Paralelamente, comenzamos a participar activamente en la política de la
facultad, cosa que hasta entonces no habíamos hecho sino de manera esporádica.
Lo demás llegó solo y sin avisar: las extensas movilizaciones estudiantiles, los
talleres en colegios, las experiencias con otras organizaciones, la renuncia
del Luis a su carrera (que importó pero no tanto porque ya no había vuelta
atrás), un 2012 complicado (aunque ya no había vuelta atrás) y un 2013 en el
que, estando en momentos muy disímiles de nuestras vidas, nos reencontramos en
la militancia como compañeros en una incipiente organización.
Han cambiado varias cosas desde el lejano 2009.
El pasto que nos cobijó por primera vez está cruzado desde hace unos dos años por
construcciones del Proyecto Bicentenario, y Calama dejó de existir. No sé qué
será del San Borja, pero supongo que los fanáticos de Harry Potter ya no se
juntan a hacer magia ahí, y desconozco si los zorrones de la FEN siguen
trotando por el parque. Para bien o para mal, ninguno de nosotros dos continúa
estudiando en Filosofía. Para bien o para mal, ninguno de los dos nos parecemos
a lo que fuimos en el 2009. Para bien o para mal, seguimos siendo amigos. Pero
además somos compañeros, feministas, soñadores, antiimperialistas, libertarios.

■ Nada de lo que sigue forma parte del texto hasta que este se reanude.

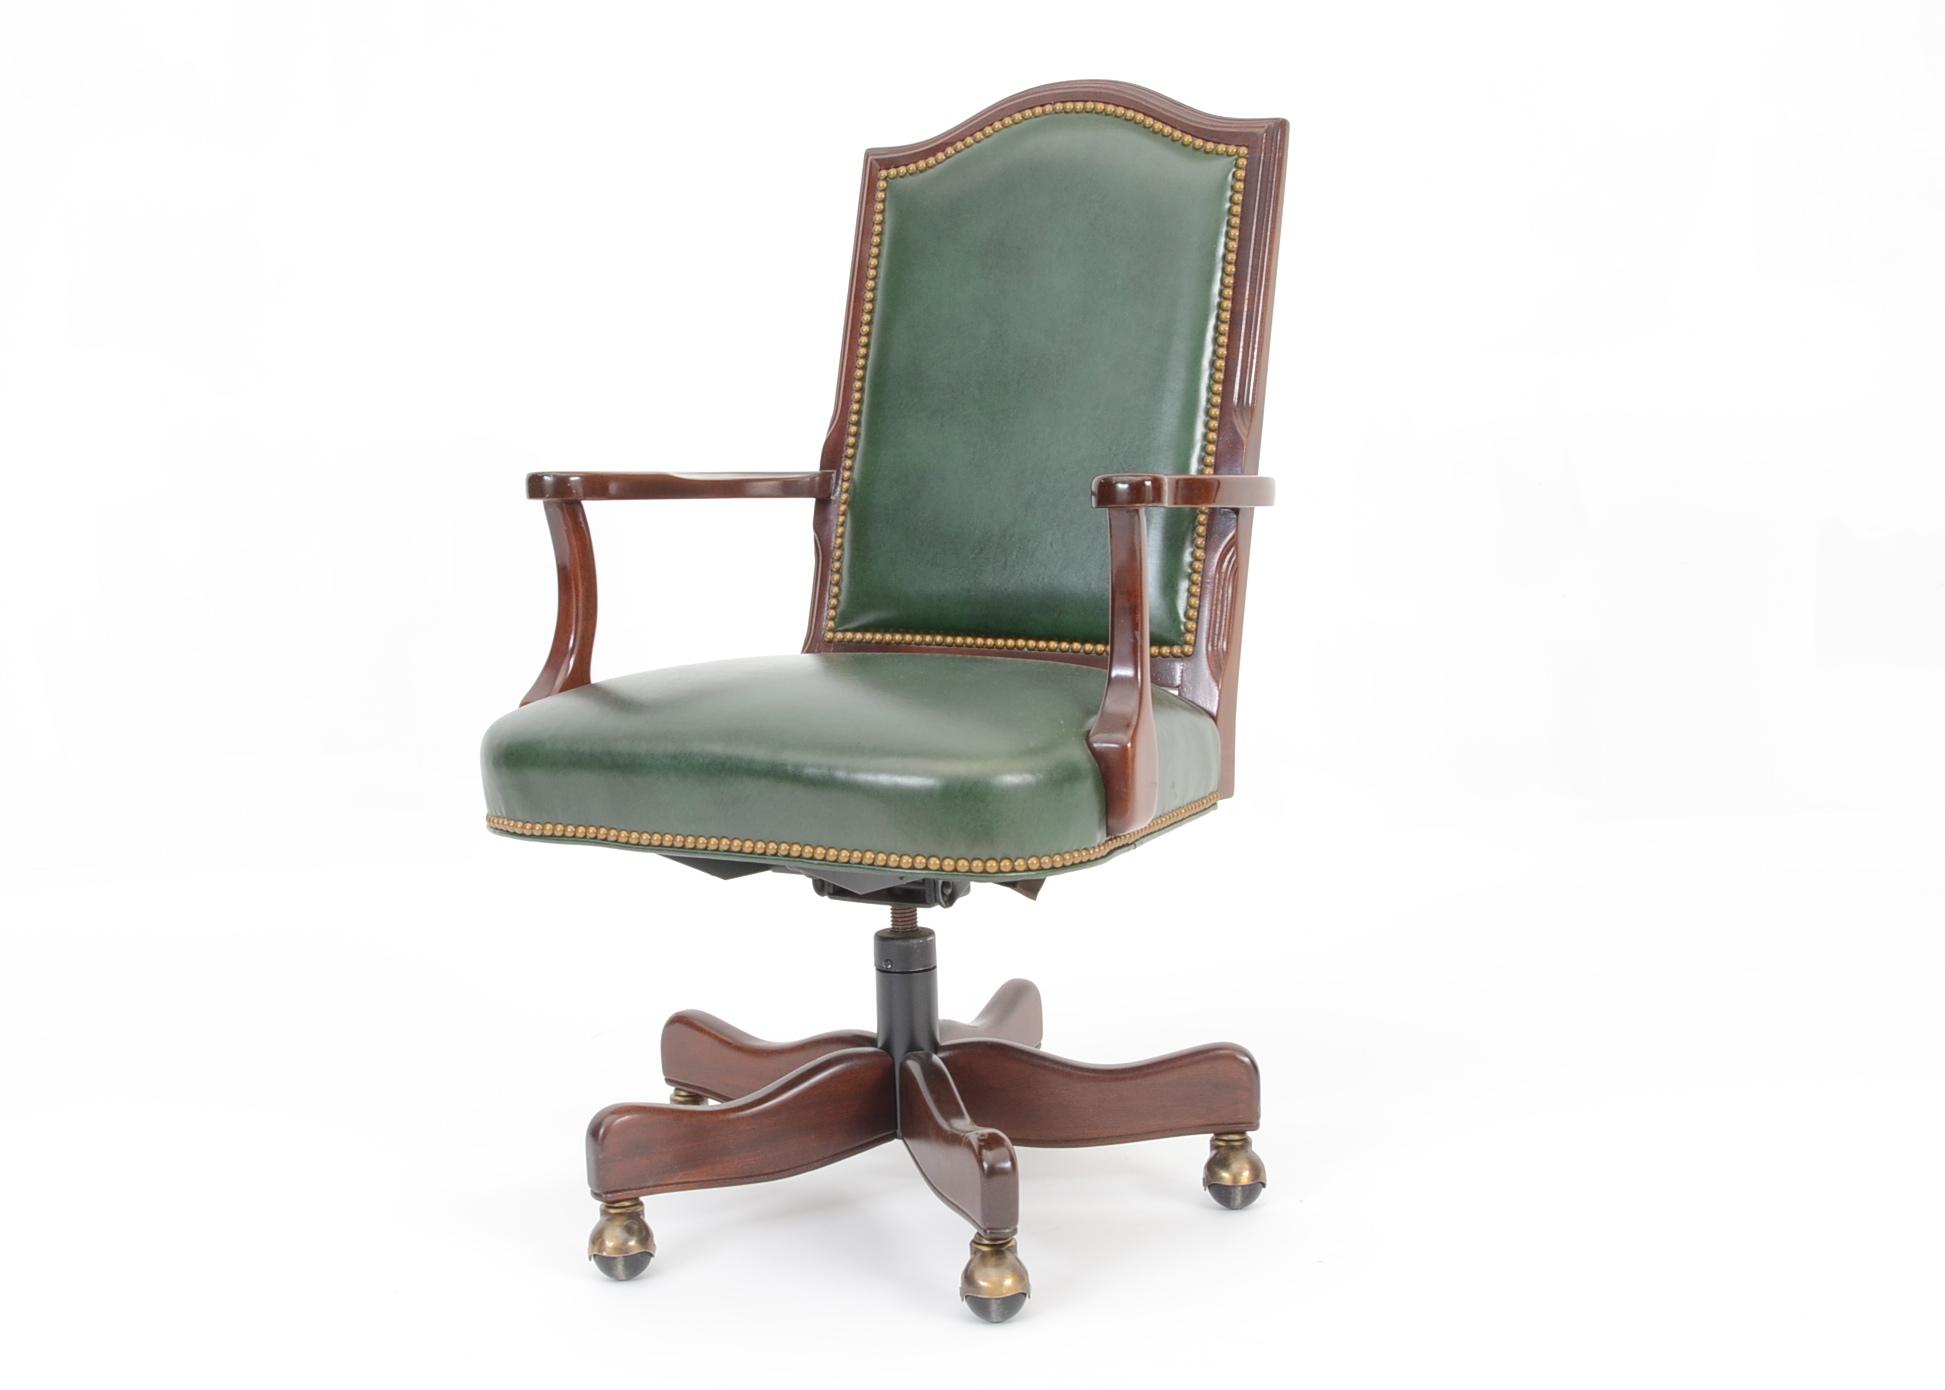 green leather office chair. Hancock \u0026 Moore Green Leather Executive Office Chair E

Y sin embargo, yo nunca me voy a olvidar (más bien, nunca me quiero olvidar) de
esos dos cabros chicos que se encontraban esporádicamente en los pasillos de
Filosofía, que no teniendo idea de nada y a partir únicamente del tacto
llegaron hasta acá, donde ya no hay vuelta atrás y donde sólo queda seguir
cambiando y seguir luchando. “Al fin y al cabo”, dice el viejo Galeano, “somos
lo que hacemos para cambiar lo que somos”.